§ Collected material:
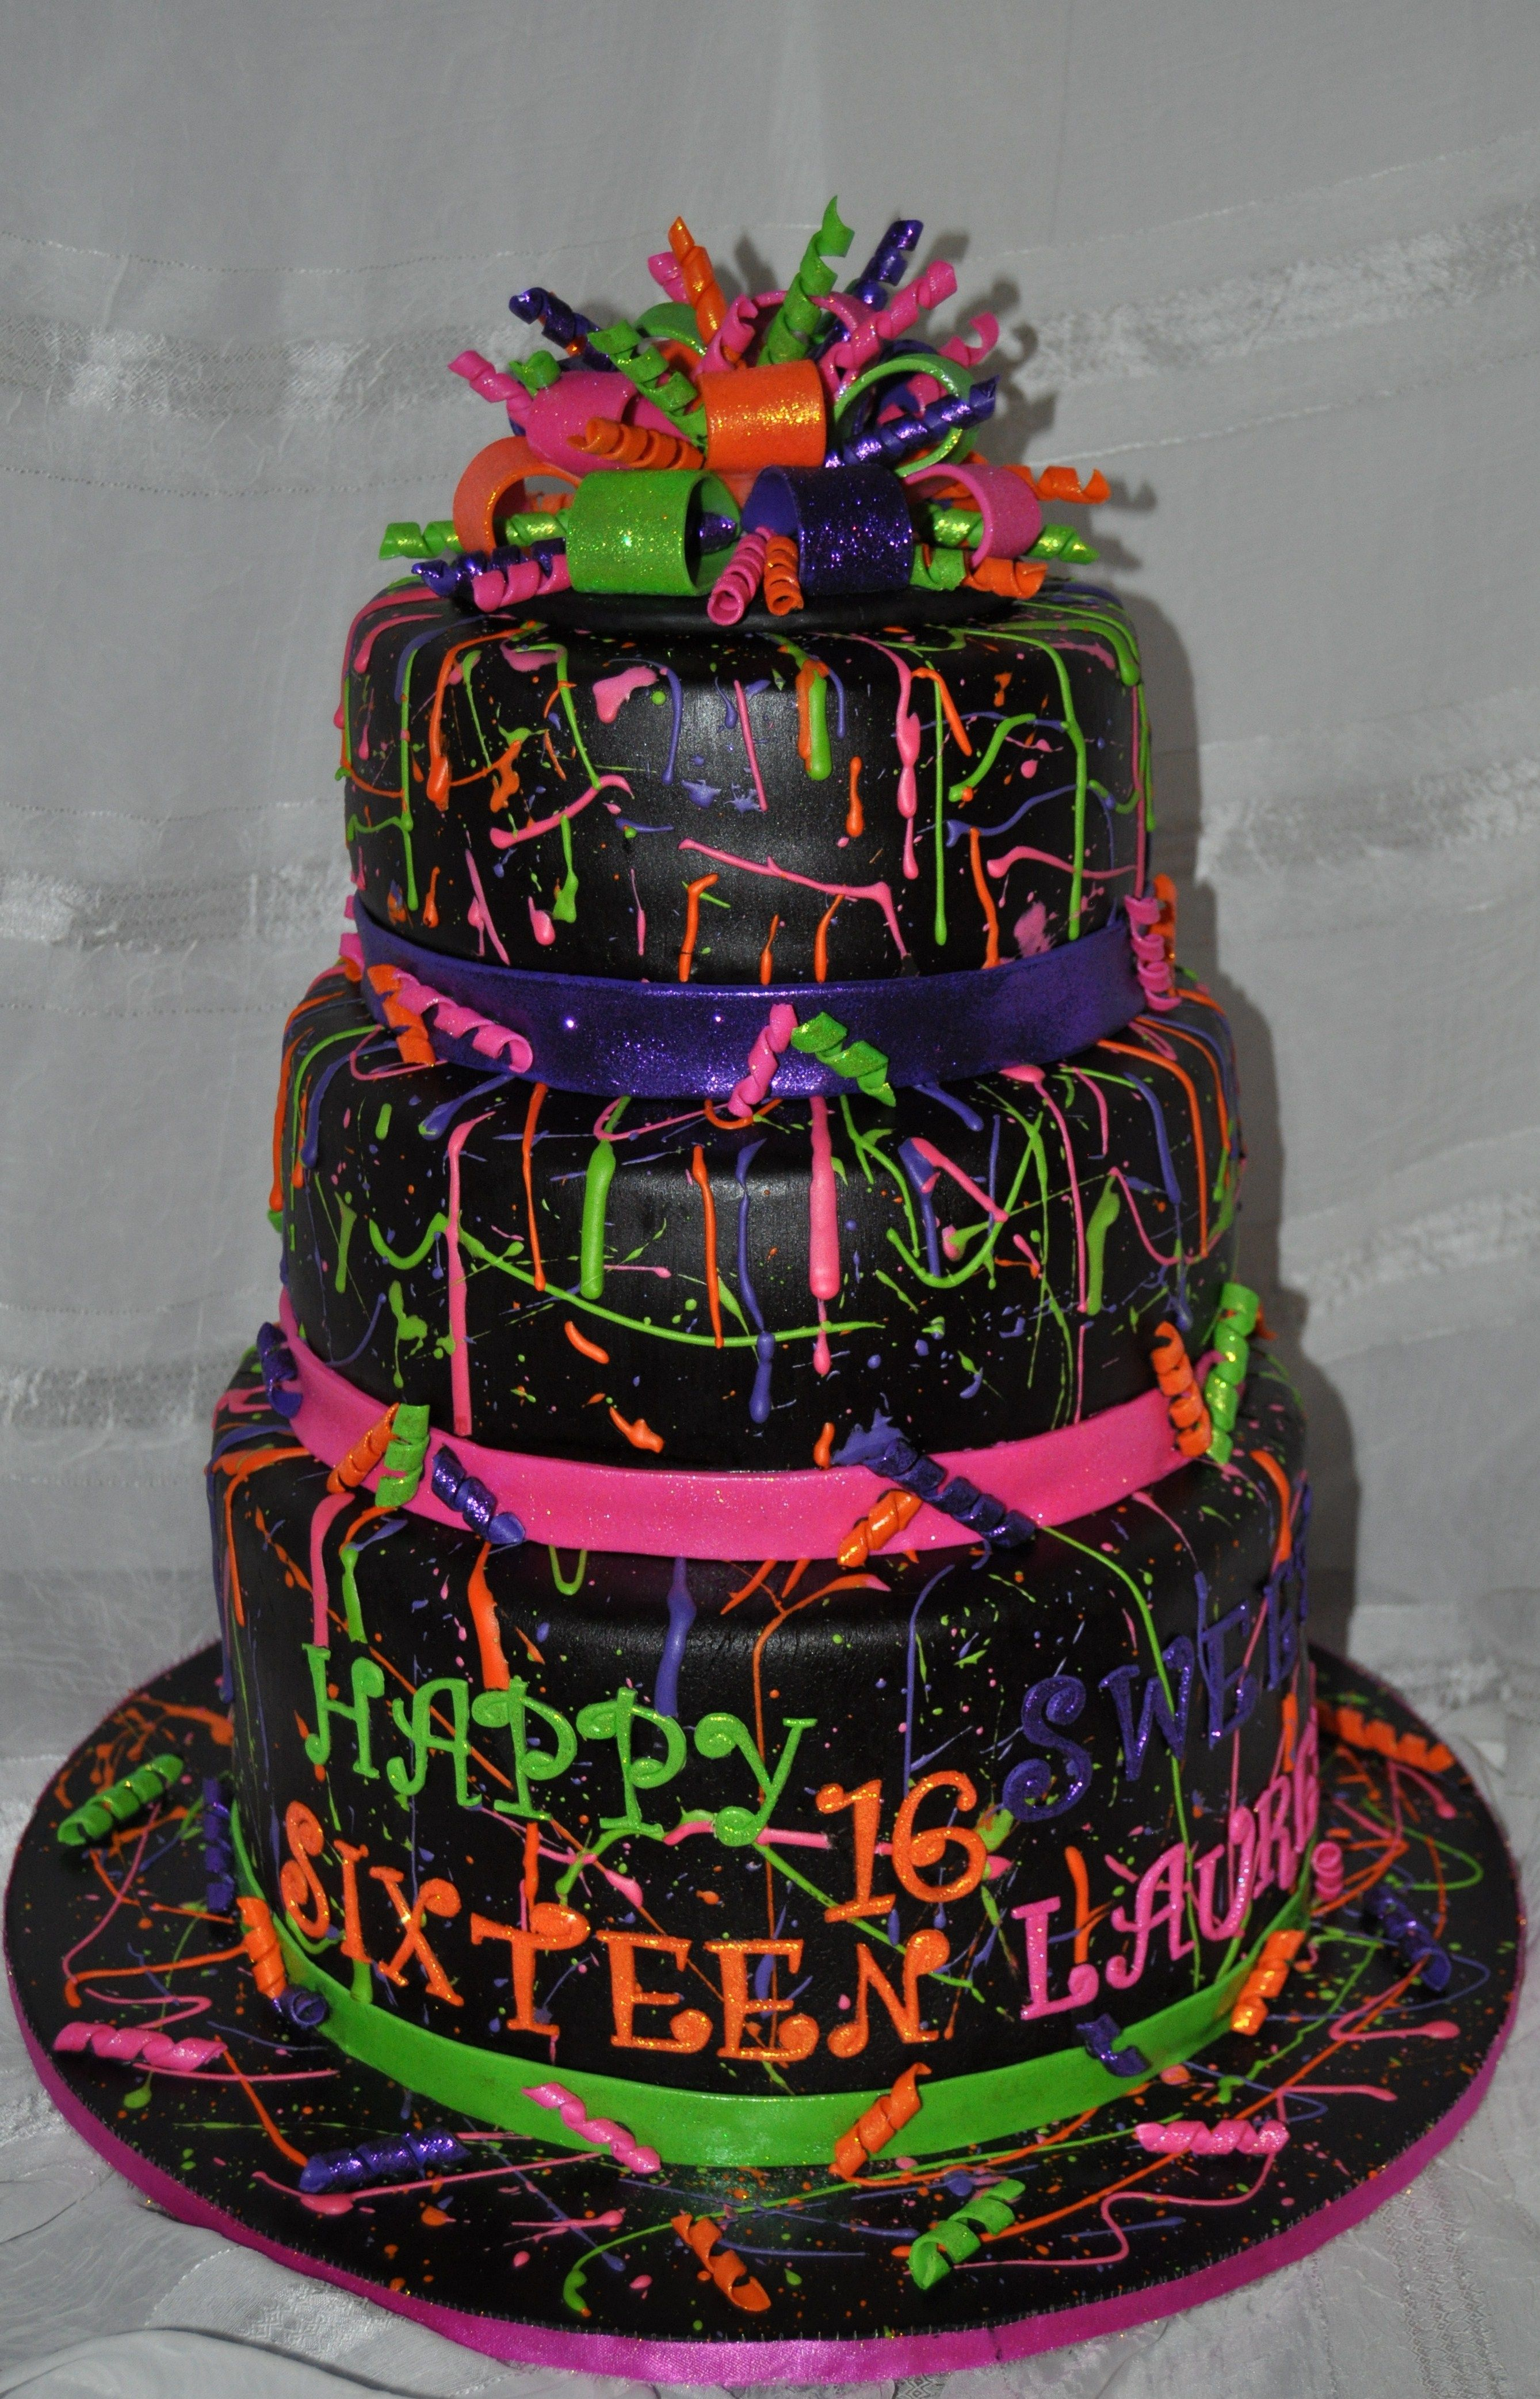 Neon Paint Splatter Cake Neon Paint Splattered Cake With
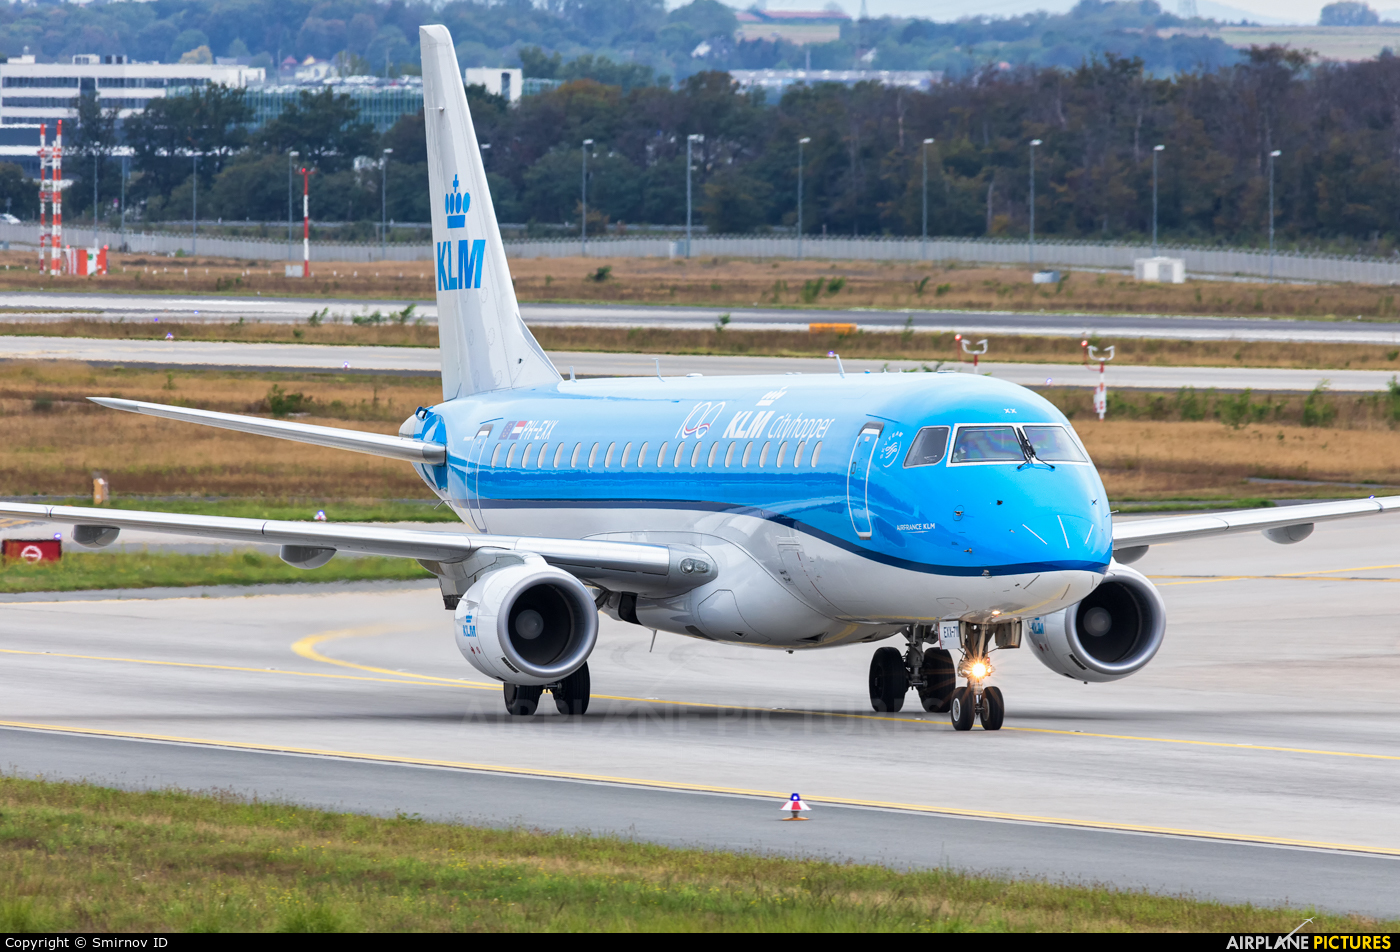 KLM Cityhopper PH-EXX aircraft at Frankfurt
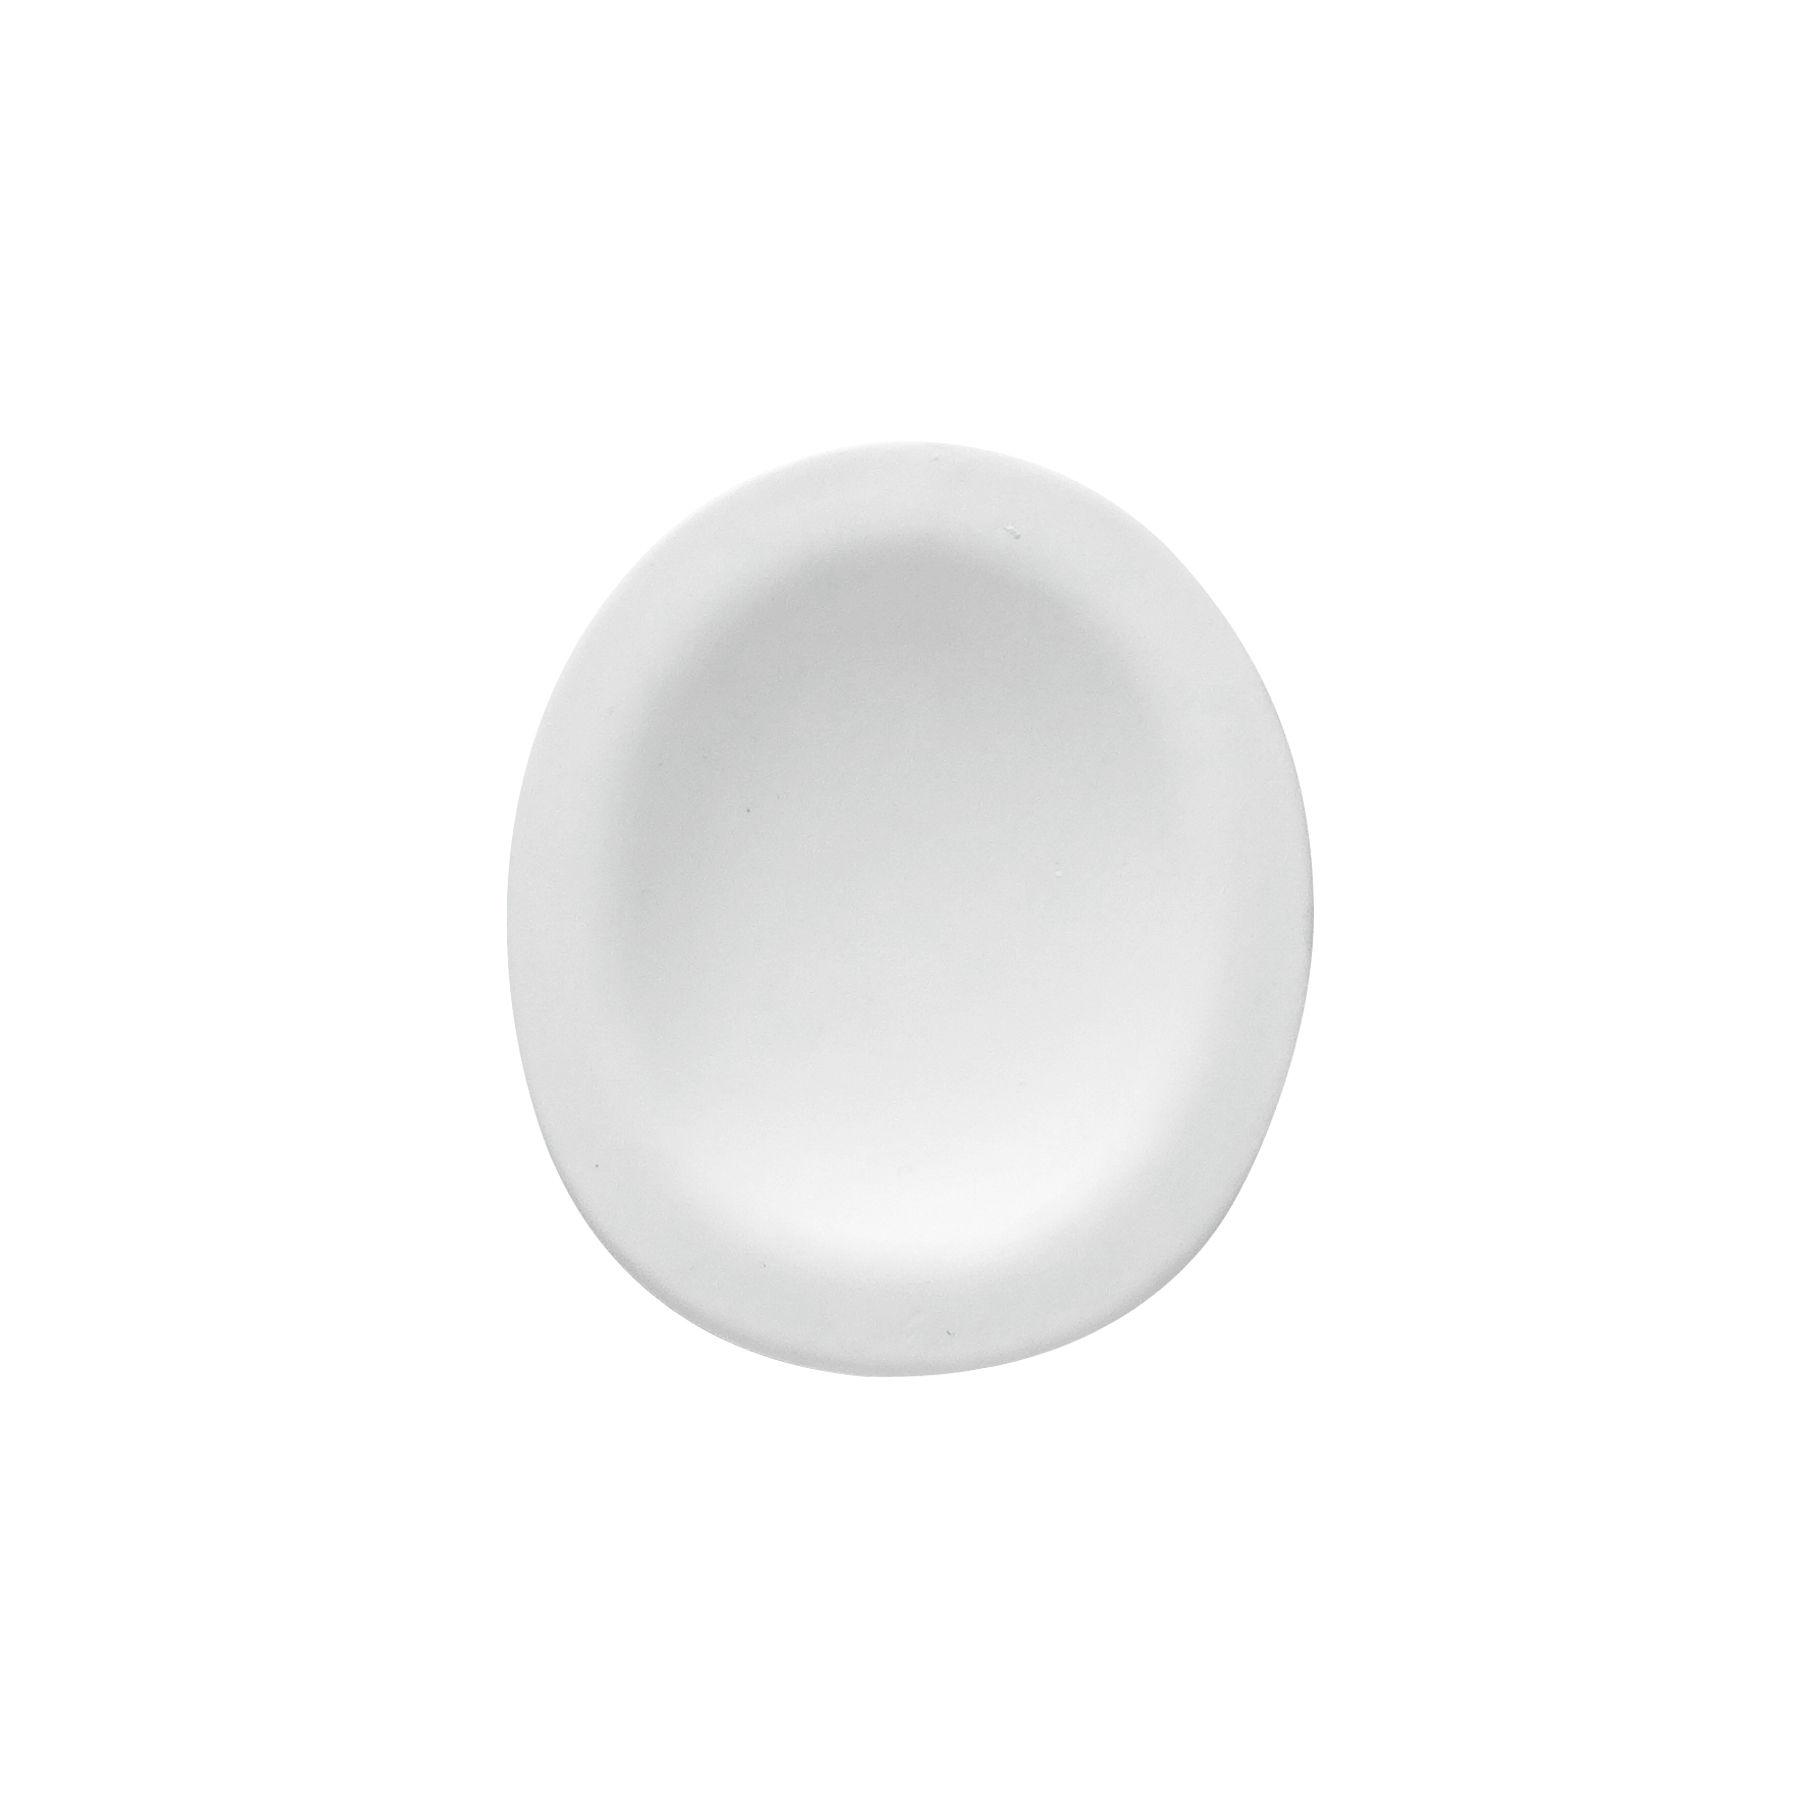 Tableware - Bowls - Jo 1 Small dish - 7 x 8 cm by cookplay - Matt white - Matt porcelain

§ The task: Your task is to set down each line above verbatim while excluding the pictures.

§ Written solution:
 Neon Paint Splatter Cake Neon Paint Splattered Cake With
 KLM Cityhopper PH-EXX aircraft at Frankfurt
 Tableware - Bowls - Jo 1 Small dish - 7 x 8 cm by cookplay - Matt white - Matt porcelain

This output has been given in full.